Currently, long-term treatment of PA consists of maintaining a protein-restricted diet supplemented with propionic acid precursor-free amino acids, vitamins, and minerals; administering antibiotics and carnitine; and avoiding catabolism [4]. Ammonia scavengers are not recommended for long-term therapy because of the risk of accumulating CoA esters and depleting free CoA. The use of sodium phenylbutyrate is even more controversial, owing to the risk of depleting the glutamine/glutamate pool [4]. Nevertheless, this class of medications still represents the main option for the long-term treatment of hyperammonemia secondary to organic acidemias.

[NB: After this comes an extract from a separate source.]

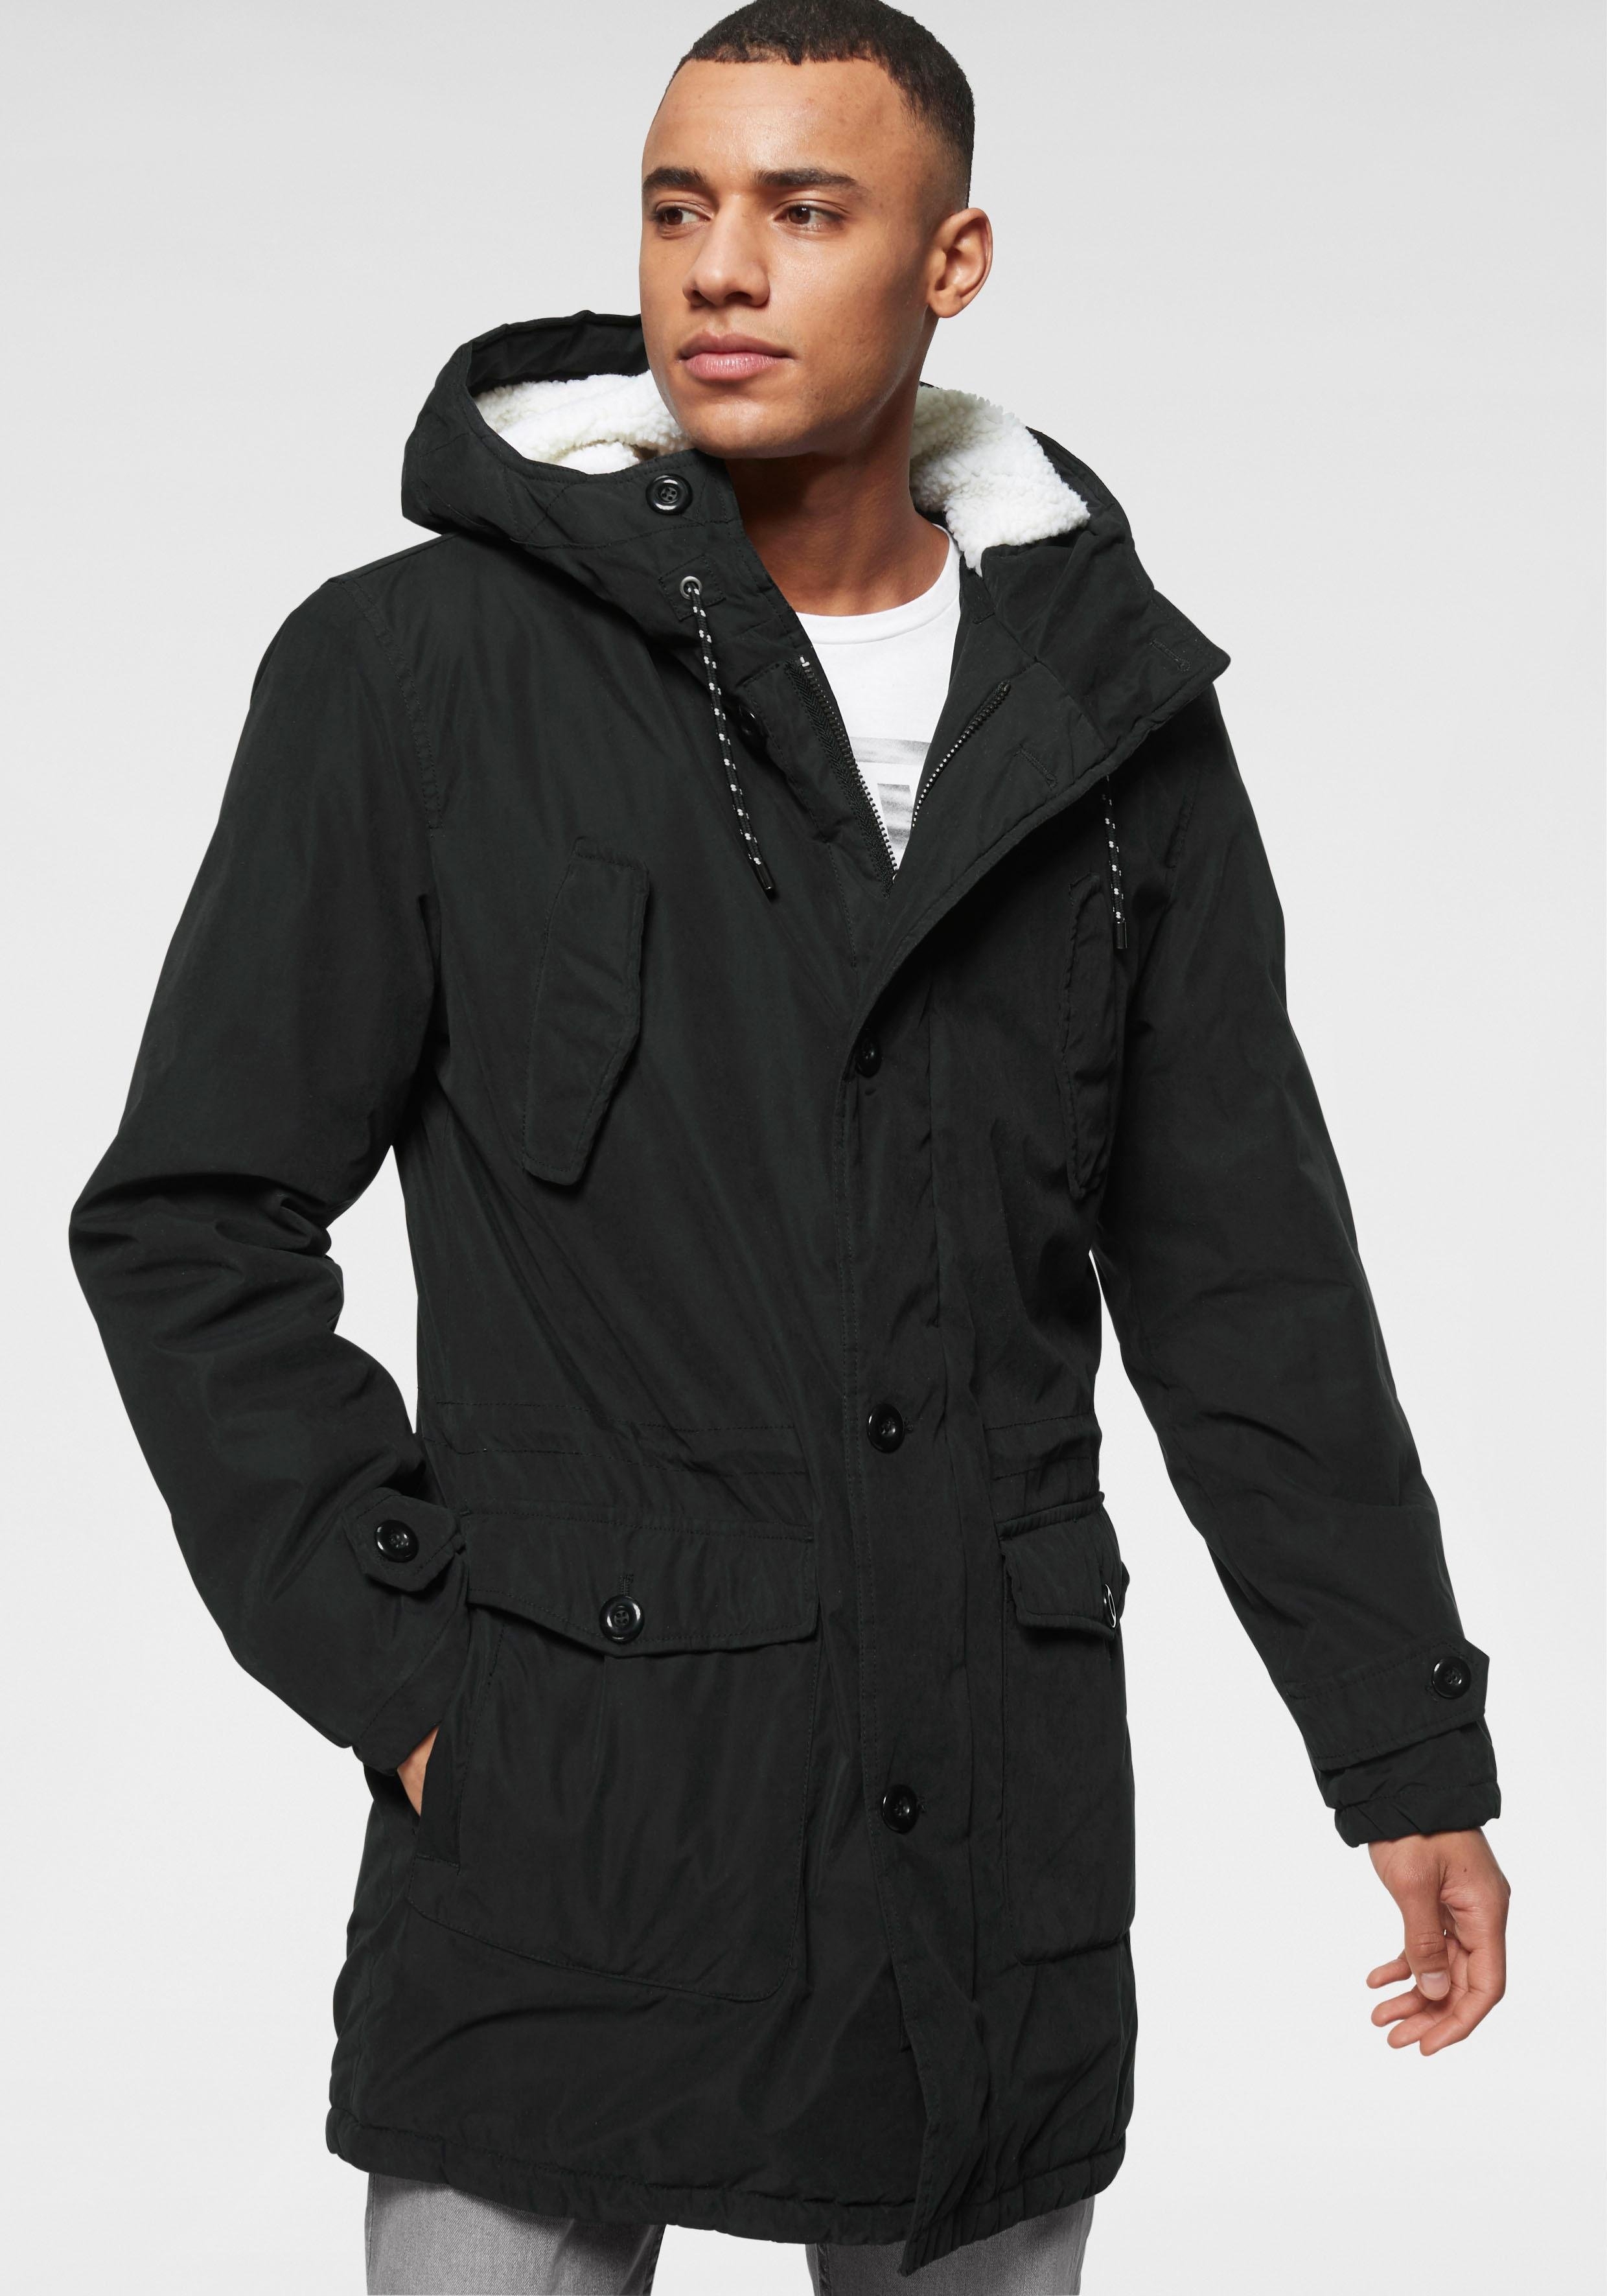 Super Een winterjas voor heren kopen? Vind de jas die bij jou past! | OTTO ZP-08

There are reports on the rapid amelioration of patients’ clinical condition with precocious administration of NCG, regardless of the extent of hyperammonemia [7,8,9,10,11], suggesting that continuous NCG treatment may be effective. We report our highly positive clinical experience with continuous administration of NCG for 6 years in a patient with PA who presented frequently with hyperammonemia believed to reflect secondary blockage of NAG synthase by PA metabolites [2, 3]. Treatment was associated with a decrease in plasma ammonia levels and a durable reduction in the frequency of metabolic decompensations. There were no clinically significant adverse reactions to therapy or evidence of progression of multiorgan involvement. Glutamate levels were consistently low, reflecting a deficiency in tricarboxylic acid intermediates [12, 13], and glycine levels were characteristically high, likely due to effects of PA on amino acid metabolism such as the glycine cleavage system [14,15,16]. The observed increase in mean plasma glycine levels (Table 2) may have resulted from discontinuation of the ammonia scavenger sodium benzoate several months after starting NCG treatment.

This report on the favorable use of NCG in a patient with PA has the limitations of a single experience in terms of reliability and generalizability. Furthermore, the reduced incidence of concomitant illness and improved feeding typically observed in late childhood may have contributed to the patient’s improvement.

However, this case report describes a longer follow-up of NCG treatment (6 years) than previously in published reports (i.e., 7–16 months and 15 days for Burlina et al. [9] and Valayannopoulos et al. [10], respectively) [9, 10] and derives from observation over the pubertal period, when hormonal changes and higher growth rate make the metabolic equilibrium more unstable than in other age groups.

Conclusions

Our observations of our patient suggest that patients with hyperammonemic decompensations secondary to PA may benefit from continuous administration of NCG. If this observation is confirmed, well-designed clinical trials should address dosage requirements and effects on concomitant therapies and protein tolerance.